__DIRECTIONS__.
Return only the lines of the listing below that run from the line with "Make sure you" through the line with "BERING Unisex Black", both ends included, exactly as written.

__DATA SUPPLIED__.
BEGIN

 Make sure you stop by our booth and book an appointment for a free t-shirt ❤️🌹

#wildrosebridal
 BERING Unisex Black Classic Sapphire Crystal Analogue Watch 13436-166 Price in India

END
BEGIN

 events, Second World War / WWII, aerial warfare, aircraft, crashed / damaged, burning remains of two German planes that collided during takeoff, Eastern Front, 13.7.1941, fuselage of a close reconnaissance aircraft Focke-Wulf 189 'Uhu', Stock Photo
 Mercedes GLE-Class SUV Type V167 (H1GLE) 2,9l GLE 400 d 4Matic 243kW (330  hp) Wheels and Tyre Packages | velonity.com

END

__EXERCISE RESULT__.
 Make sure you stop by our booth and book an appointment for a free t-shirt ❤️🌹

#wildrosebridal
 BERING Unisex Black Classic Sapphire Crystal Analogue Watch 13436-166 Price in India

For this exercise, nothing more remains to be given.